SFD.pl - Sportowe Forum Dyskusyjne

Ostatnia szansa na redukcję

temat działu:

Odżywianie i Odchudzanie

słowa kluczowe: , ,

Ilość wyświetleń tematu: 1011

Nowy temat Wyślij odpowiedź
...
Napisał(a)
Zgłoś naruszenie
Początkujący
Szacuny 0 Napisanych postów 1 Wiek 29 lat Na forum 9 lat Przeczytanych tematów 43
Cześć,
Przede wszystkim chciałbym się przywitać i z góry przeprosić za ewentualne głupoty- to mój pierwszy dzień, temat i post na tym forum.

Jak w tytule, mam przed sobą w zasadzie ostatnią szansę na w pełni świadomą, wymagającą motywacji redukcję masy ciała, jednak jest to dla mnie jeszcze trudniejsze niż „typowa” redukcja- ale żeby wytłumaczyć dlaczego, opowiem Wam swoją krótką historię, żeby można było mnie lepiej zrozumieć.

Już od podstawówki bardzo często męczyły mnie bóle głowy, które potrafiły trwać nawet trzy- cztery dni. Wszyscy uważali to za w miarę normalne zjawisko, bo w mojej rodzinie pełno wysokociśnieniowców, migrenowców itp, itd. Jasne, u lekarza opowiadaliśmy co się dzieje- neurolog dziecięcy- tabletki- i na tym się kończyło.

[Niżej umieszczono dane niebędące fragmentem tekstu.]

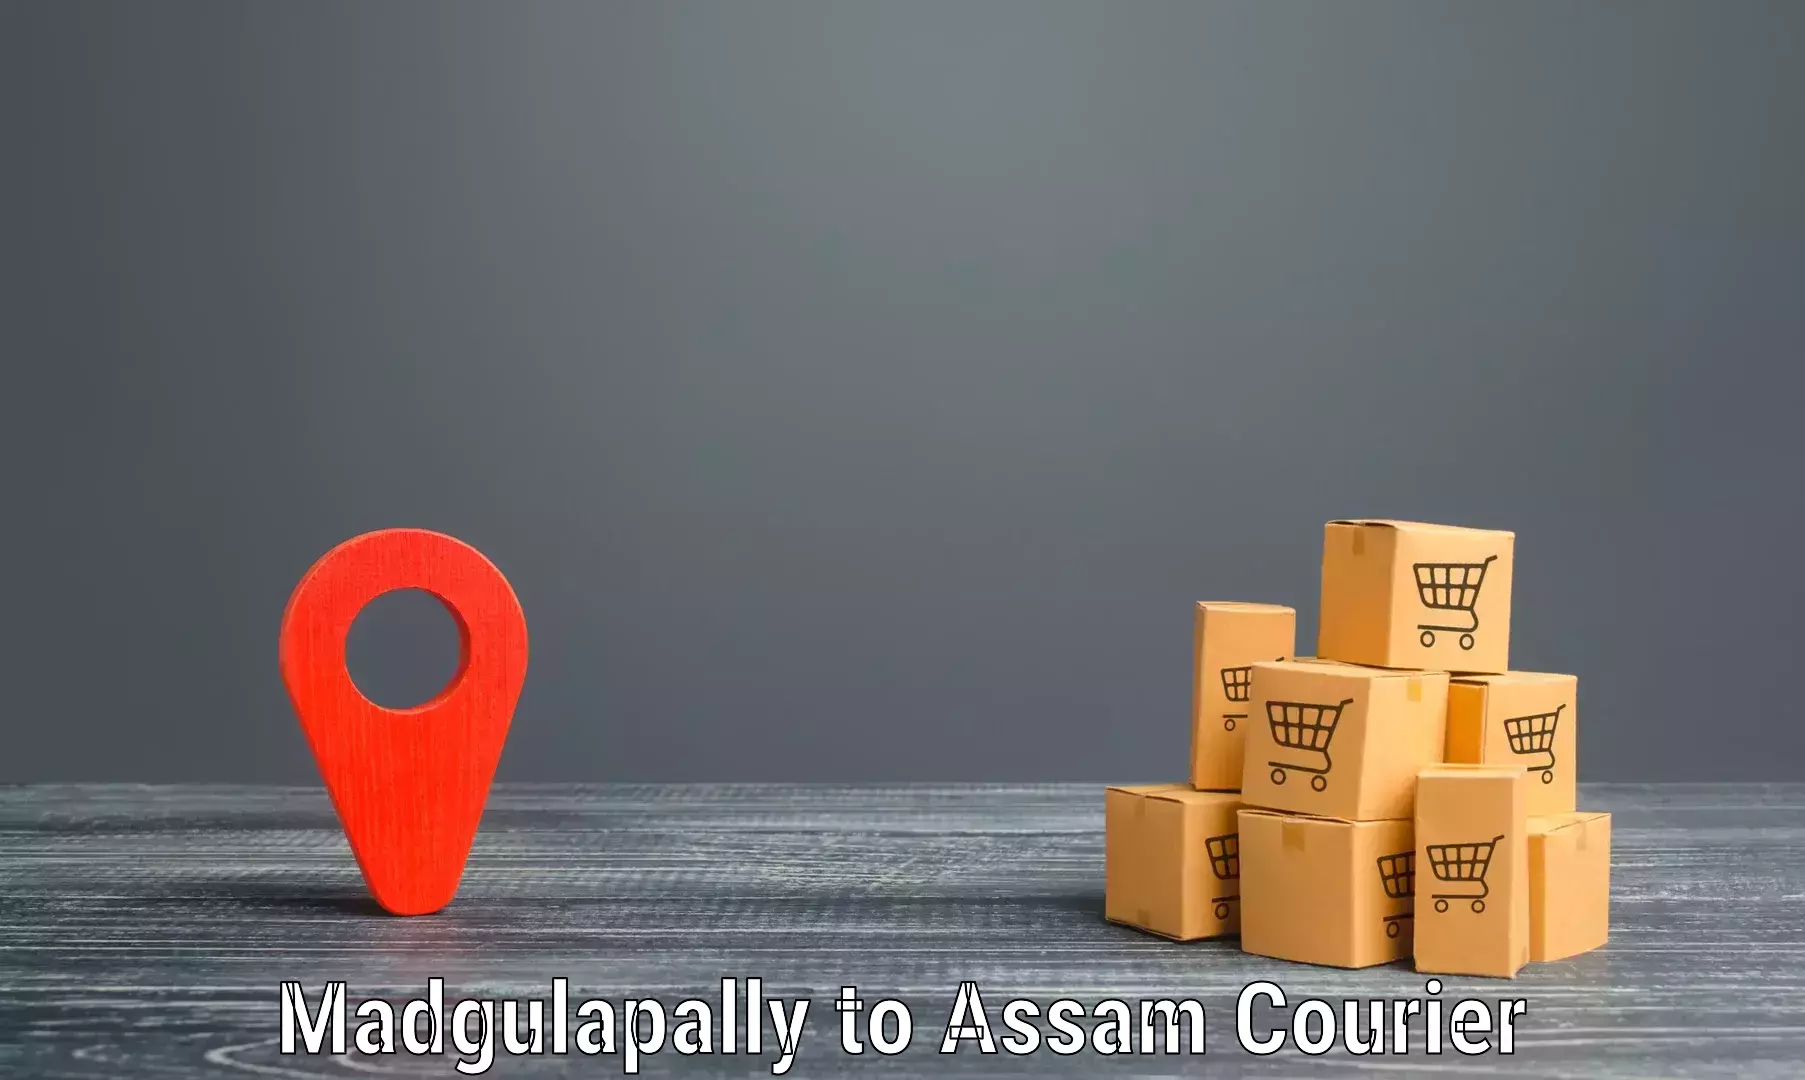 Global courier networks Madgulapally to Lala Assam

Czas tak leciał, żyłem z tymi bólami i jakoś dawałem radę funkcjonować bez większego problemu; skończyłem gimnazjum, dostałem się do dobrego liceum i nawet zacząłem realizować jedno ze swoich marzeń- osiągnąć mistrzowski poziom w jednej ze sztuk walki, które od razu pokochałem- Karate i Muay Thai (niestety- z pieniążkami w mojej rodzinie nigdy nie było jakoś super- kolorowo, a że MT było tańsze, to właśnie to wybrałem). No i tak się zaczęła praca i droga w kierunku spełnienia marzeń, które mój ojciec popierał i tym samym mnie motywował. Przez ponad rok nie opuszczałem treningów, ćwiczyłem w domu, a kiedy dostałem licencję zawodniczą, rozpierała mnie duma i widziałem powoli ten punkt, w którym z ucznia staję się wojownikiem. Wtedy jednak wszystko się popieprzyło...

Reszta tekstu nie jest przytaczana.